# Bilinear Approach to Bochner-Riesz Conjecture in Two Dimensions

In some old lecture notes on the Restriction and Kakeya conjectures (Notes 5, specifically), Terence Tao gives a proof of the restriction conjecture (for the sphere) in two dimensions via a bilinear argument. Specifically, he proves the weak-type estimate $$\|\widehat{\chi_{\Omega}d\sigma}\|_{L^{q}(\mathbb{R}^{2})}\lesssim |\Omega|^{1/p},$$ where $\Omega\subset S^{1}$ and $q>4$, $q=3p'$.

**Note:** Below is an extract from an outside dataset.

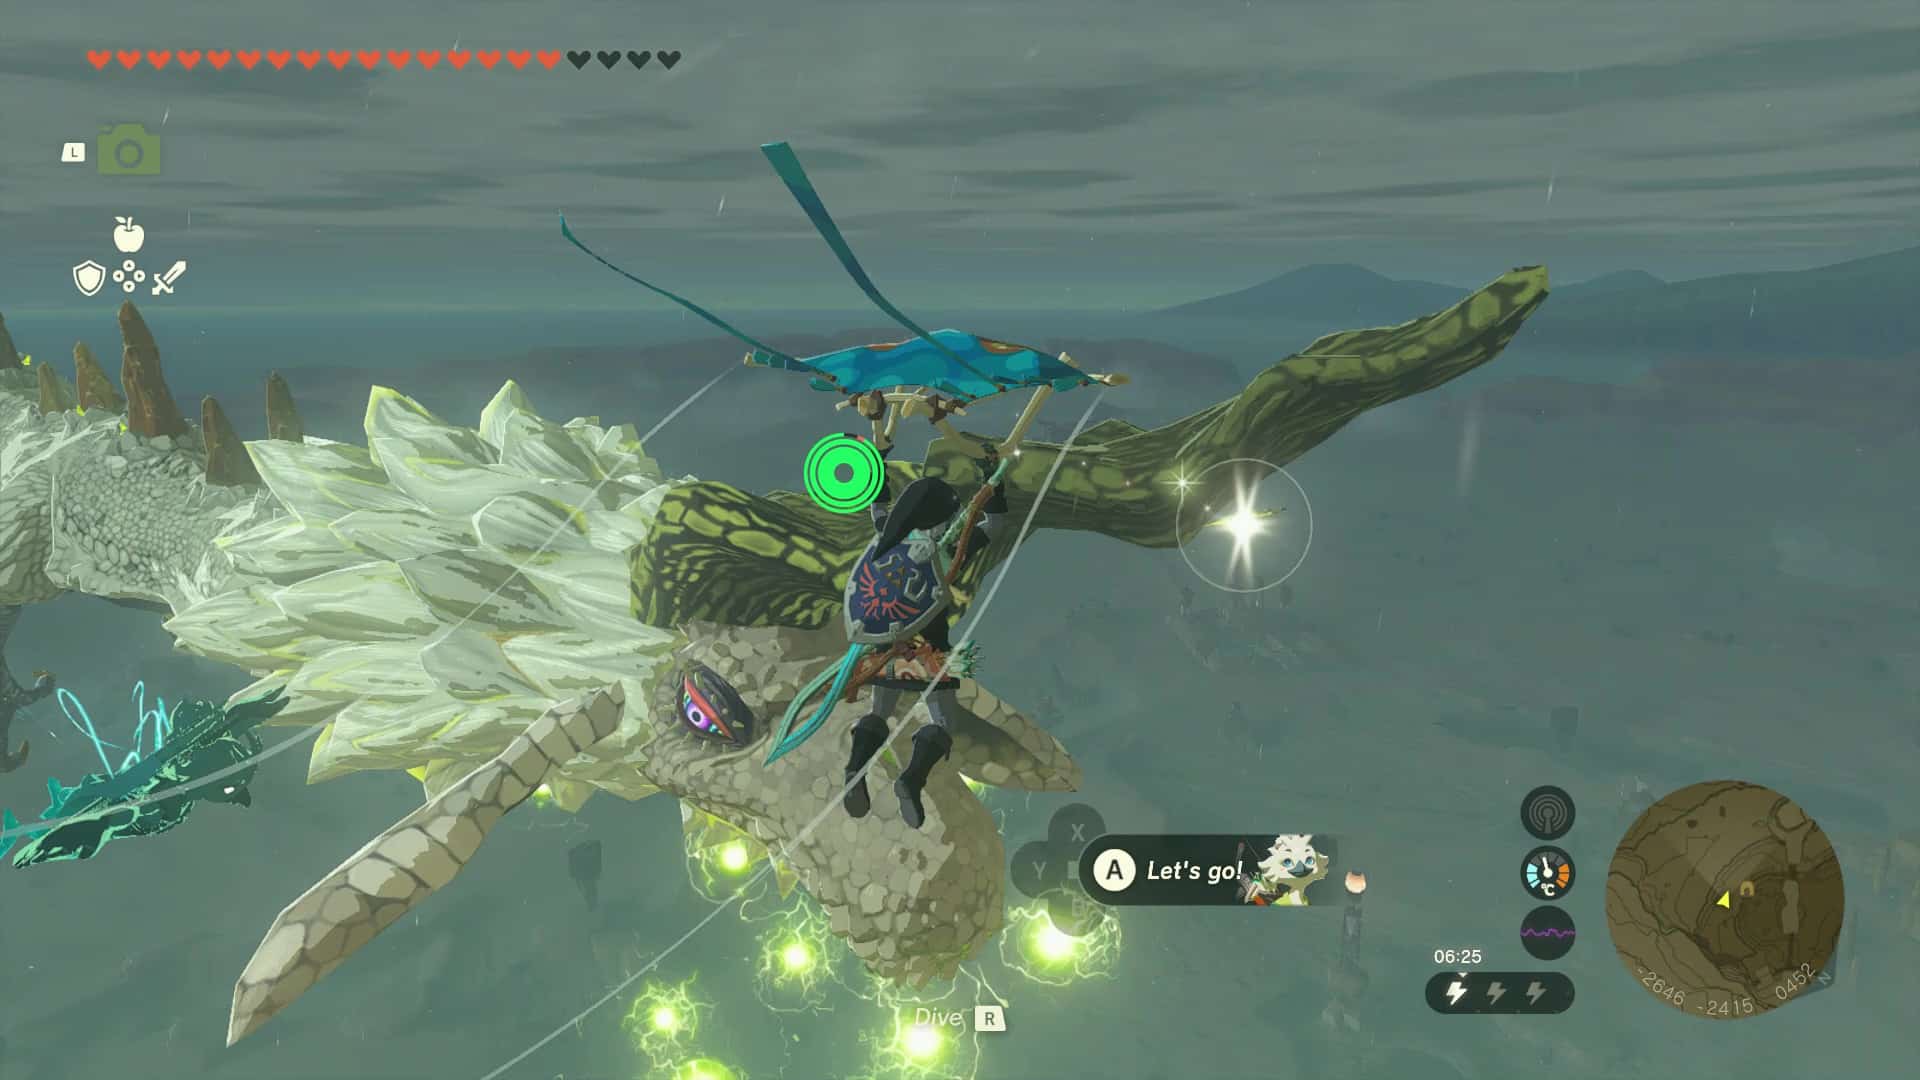 Link glisse vers Farosh le dragon dans Zelda Tears of the Kingdom
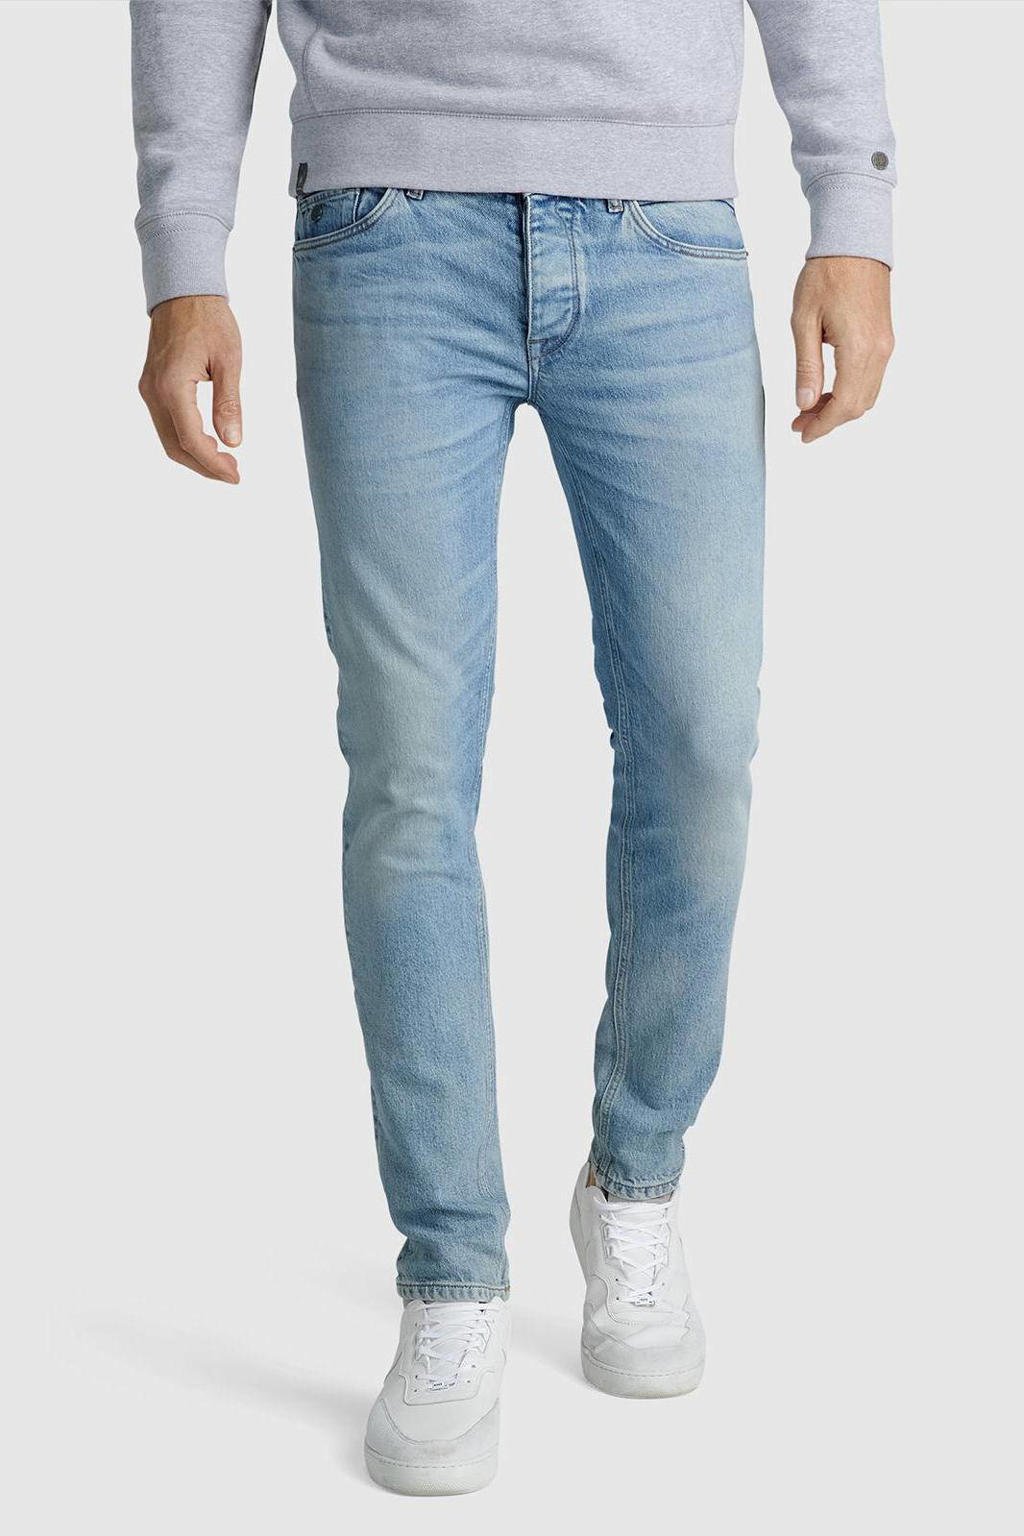 Cast Iron slim fit jeans Riser light blue ocean

Briefly, the idea is to square the above estimate, and instead consider estimates for the bilinear quantities $\|\widehat{fd\sigma}\widehat{gd\sigma}\|_{L^{\infty}(\mathbb{R}^{2})}$ and $\|\widehat{fd\sigma}\widehat{gd\sigma}\|_{L^{2}(\mathbb{R}^{2})}$, where $f,g$ are functions on $S^{1}$. The first is trivial. The second is proven by first showing that if $f,g$ are supported on distinct $\theta$-arcs with separation $\sim\theta$, then $$\|\widehat{fd\sigma}\widehat{gd\sigma}\|_{L^{2}(\mathbb{R}^{2})}\lesssim\theta^{-1/2}\|f\|_{L^{2}(S^{1})}\|g\|_{L^{2}(S^{1})}$$ To exploit this estimate, he then introduces a Whitney decomposition of $S^{1}$ into dyadic arcs, defining distinct arcs $I\simeq J$ if $I$ and $J$ belong to the same generation $A_{n}$, are not adjacent, but their parents are. From the observation $$\widehat{\chi_{\Omega}d\sigma}\widehat{\chi_{\Omega}d\sigma}=\sum_{n>1}\sum_{I,J\in A_{n}: I\sim J}\widehat{\chi_{\Omega}d\sigma_{I}}\widehat{\chi_{\Omega}d\sigma_{J}}$$ one obtains via almost orthogonality that $$\|\sum_{I,J\in A_{n} : I\sim J}\widehat{\chi_{\Omega}d\sigma_{I}}\widehat{\chi_{\Omega}d\sigma_{J}}\|_{L^{2}(\mathbb{R}^{2})}\lesssim\left(\sum_{I,J\in A_{n} : I\sim J}\|\widehat{\chi_{\Omega}d\sigma}\widehat{\chi_{\Omega}d\sigma_{J}}\|_{L^{2}(\mathbb{R}^{2})}^{2}\right)^{1/2}\lesssim 2^{n/2}\left(\sum_{I,J\in A_{n} : I\sim J}|\Omega\cap I||\Omega\cap J|\right)^{1/2}$$ One concludes by Holder's inequality and summing over $n$.

At the end of this proof, Tao briefly mentions that one can prove the Bochner-Riesz conjecture in two dimensions by a similar argument. Can anyone provide me with a reference for where this is sketched out?